# [Task details]
Set the listing down unchanged, minus every embedded image.

# [Dataset section]
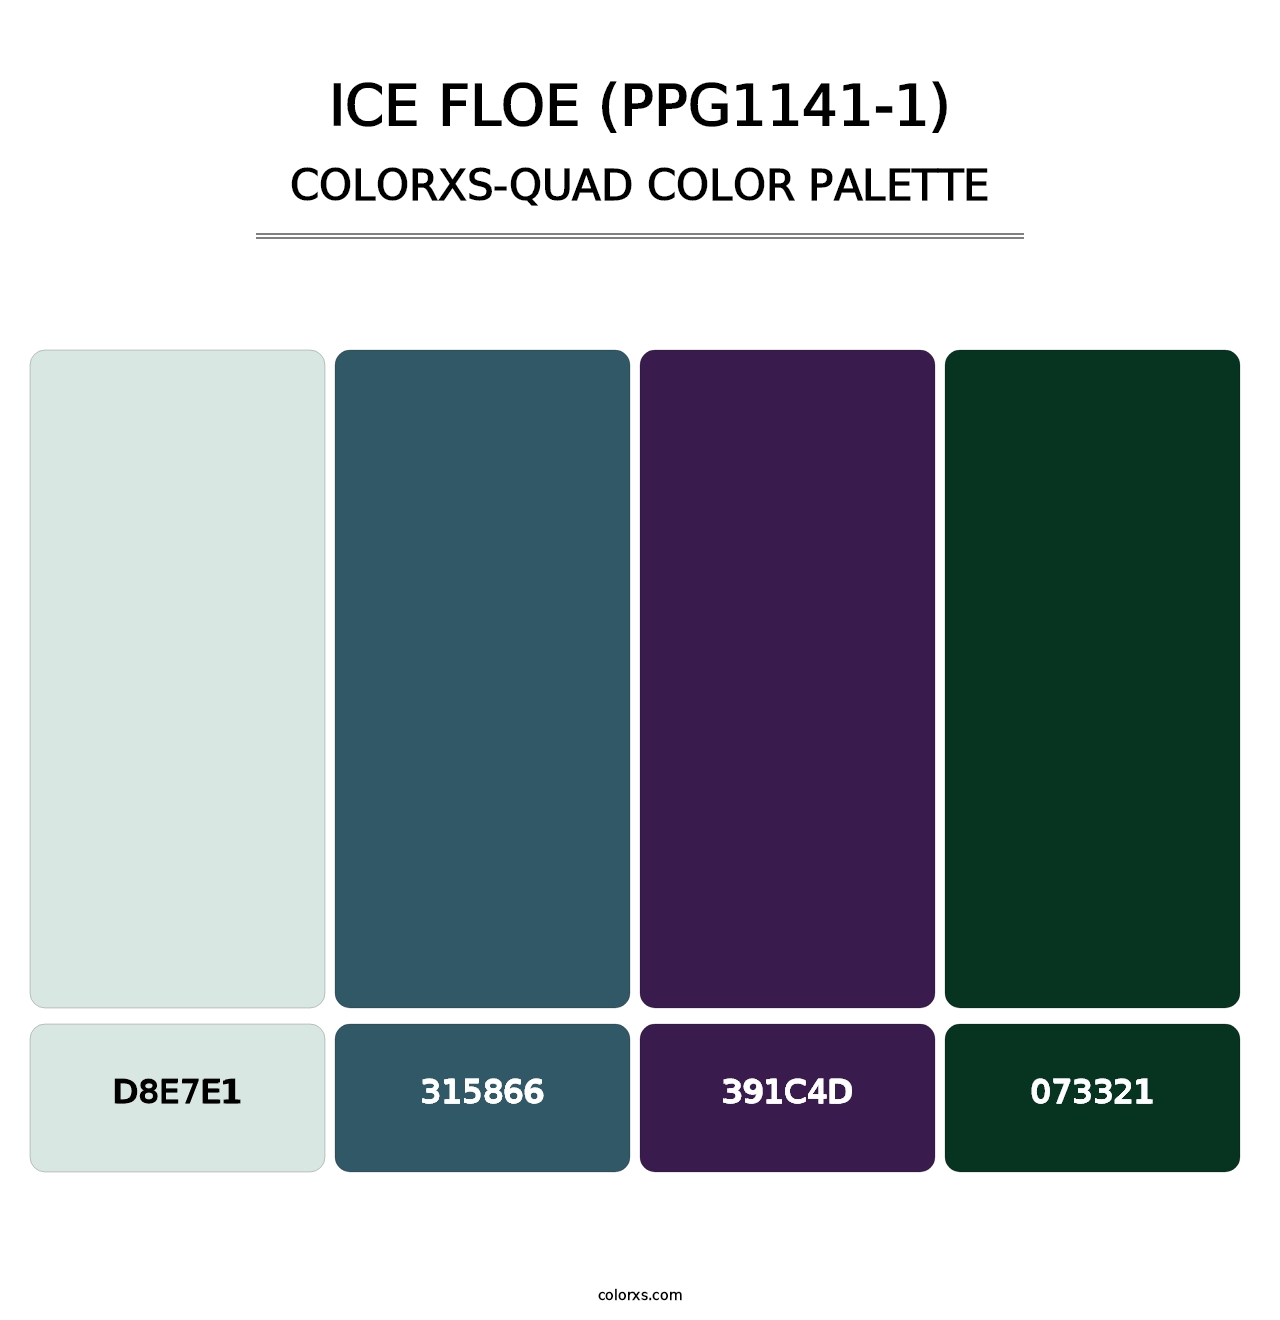 Ice Floe (PPG1141-1) - Colorxs Quad Palette
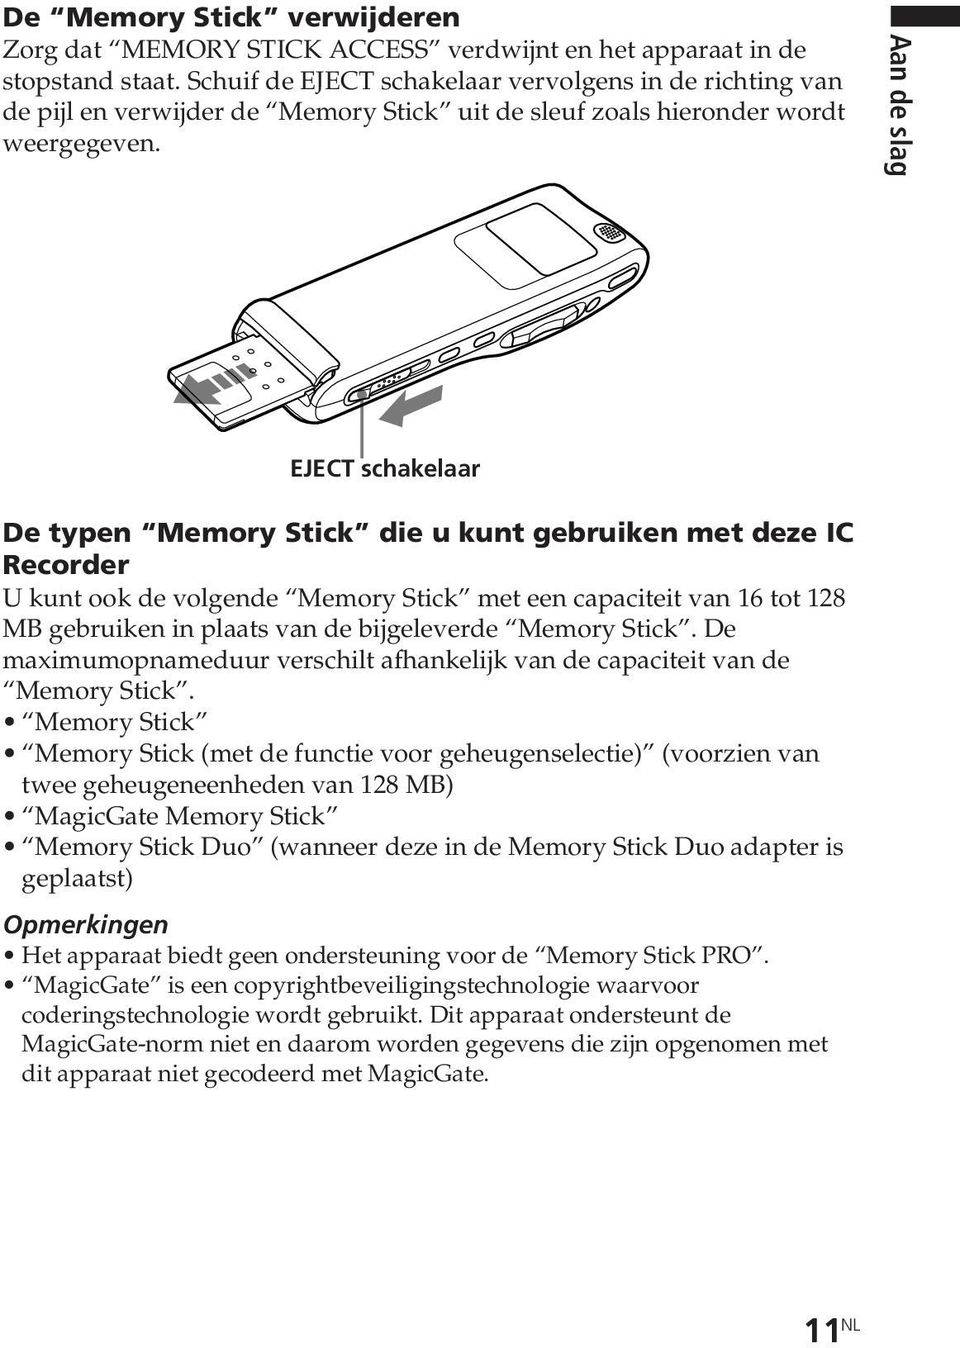 EJECT schakelaar De typen Memory Stick die u kunt gebruiken met deze IC Recorder U kunt ook de volgende Memory Stick met een capaciteit van 16 tot 128 MB gebruiken in plaats van de bijgeleverde
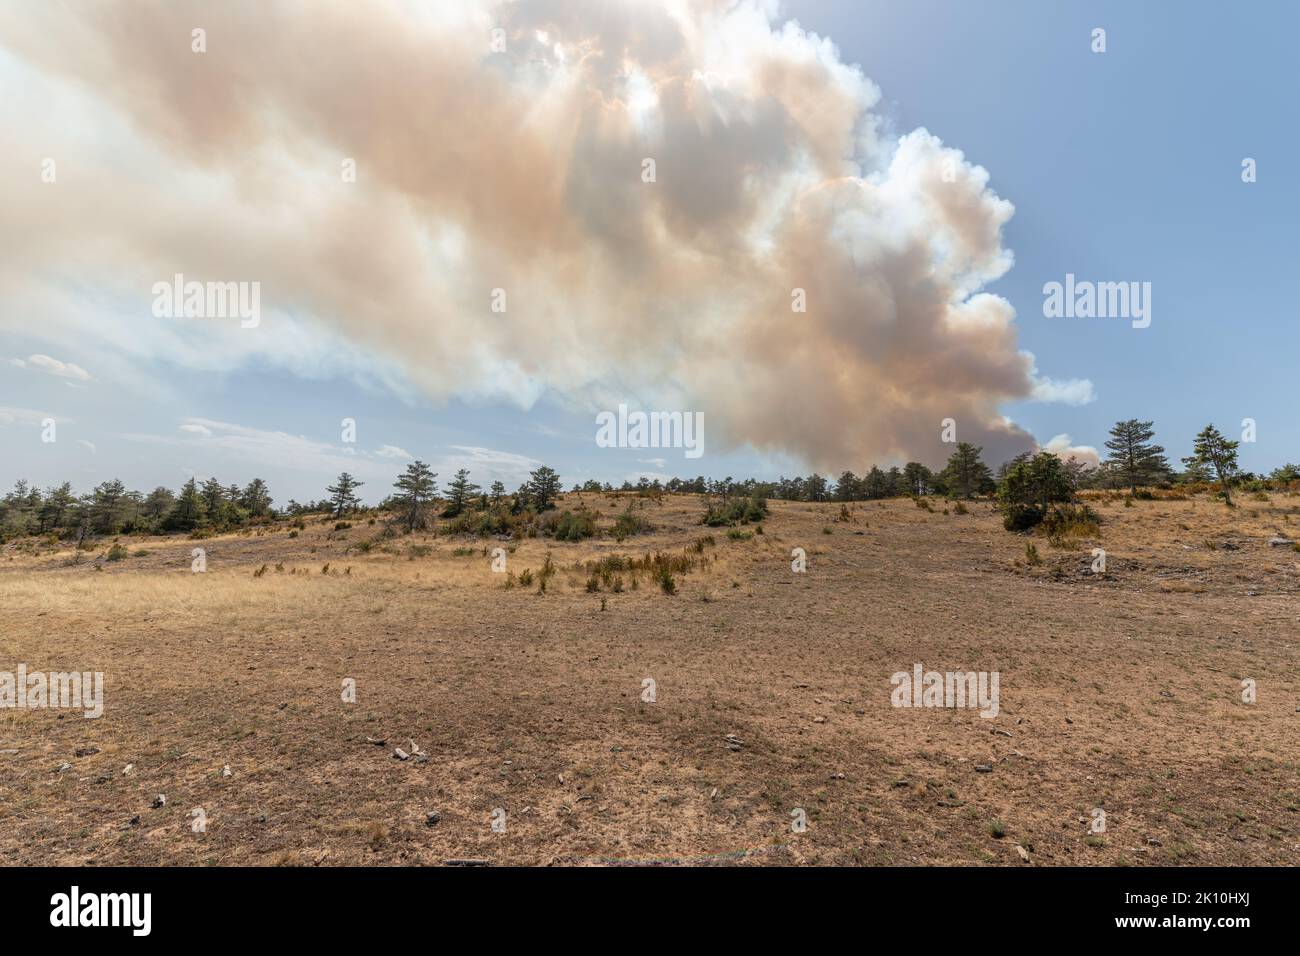 Le feu de forêt fait des ravages sur le causse de sauveterre. Montuejols, Aveyron, Cévennes, France. Banque D'Images

# [Solution to this problem]
 Ice Floe (PPG1141-1) - Colorxs Quad Palette
 EJECT schakelaar De typen Memory Stick die u kunt gebruiken met deze IC Recorder U kunt ook de volgende Memory Stick met een capaciteit van 16 tot 128 MB gebruiken in plaats van de bijgeleverde
 Le feu de forêt fait des ravages sur le causse de sauveterre. Montuejols, Aveyron, Cévennes, France. Banque D'Images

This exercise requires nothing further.